The Continued Push for Whistleblower Reform

August 21, 2012

AALL recently signed on to this open letter to members of Congress to urge completion of the landmark, decades-long legislative effort to restore credible whistleblower rights for federal employees. While the Senate passed its Whistleblower Protection Enhancement Act (WPEA), S. 743, in May 2012, the House has not yet considered its bill, H.R. 3289. Signed by 141 diverse groups ranging from the Sierra Club to the National Organization for Women and including the Southeastern Chapter of AALL (SEAALL) and Susan Nevelow Mart, director of the William A. Wise Law Library at the University of Colorado at Boulder, the letter calls for swift action to “send a final bill to the President’s desk that includes the best of both H.R. 3289 and S. 743—not a watered-down version.”

AALL has long supported the need for improved protections for federal whistleblowers. Whistleblowers protect taxpayer dollars and help to ensure government accountability by speaking out against waste, fraud, and abuse.
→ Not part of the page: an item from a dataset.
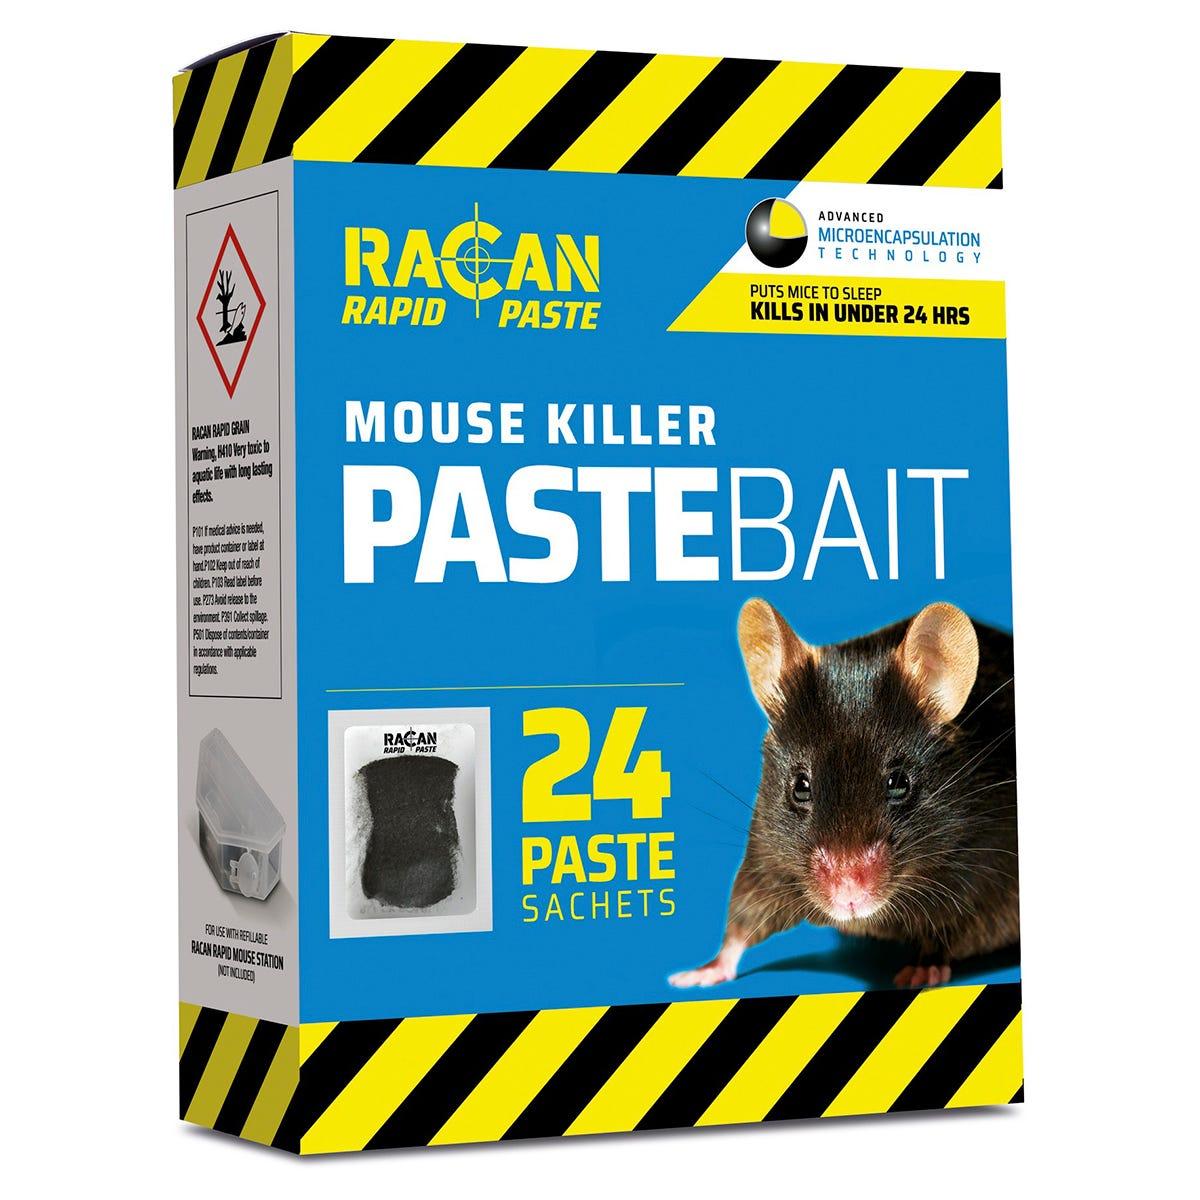 Racan Rapid Paste Bait Mouse Killer Sachets - 24 x 10g
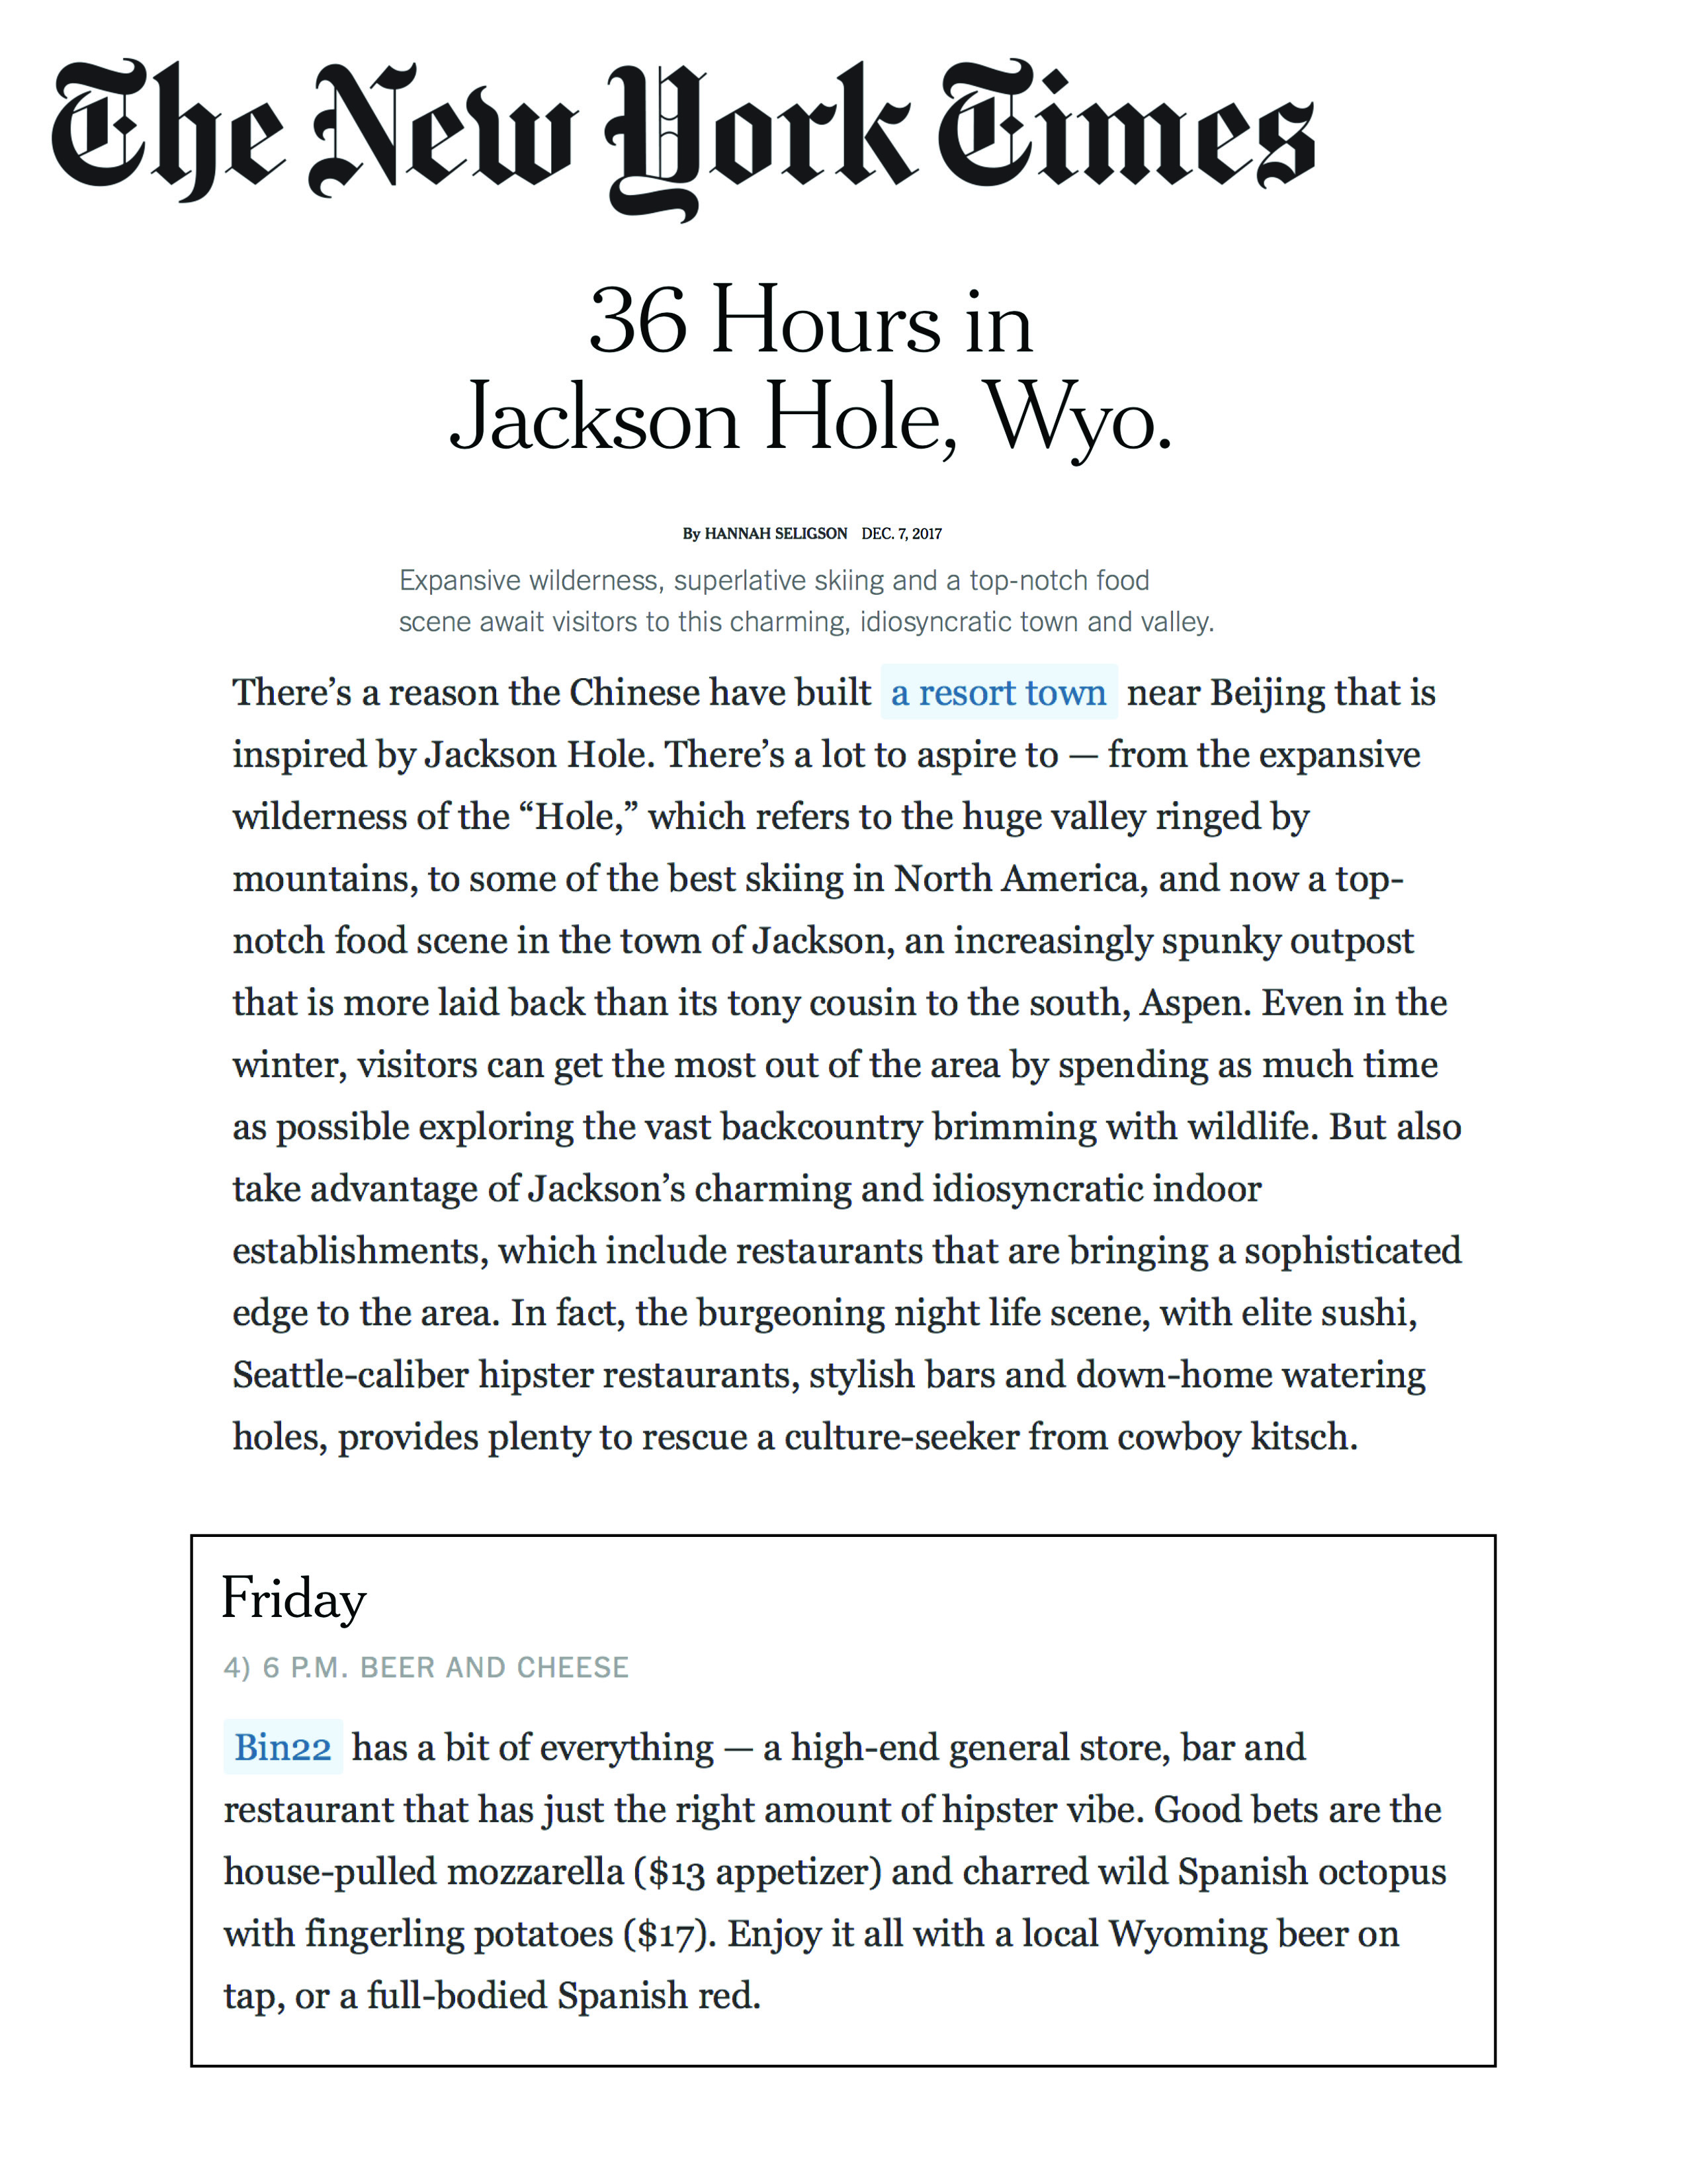 Press item at Bin 22 - New York Times

Government employees who blow the whistle also act as an alert system for problems and issues within the government that can impair the public’s right to know.  In fact, it was an Environmental Protection Agency (EPA) whistleblower that first alerted AALL to the proposed closure of the EPA libraries in 2006.

Since Congress last revised the Whistleblower Protection Act in 1994, a series of court decisions and a flawed administrative process have eroded the law so that it no longer adequately protects government whistleblowers. The current law must be enhanced to provide better protections for federal employees who wish to legally report problems at their agencies.  By passing a strong bipartisan whistleblower reform law, Congress would ensure more efficient, transparent, and accountable government and save taxpayer money.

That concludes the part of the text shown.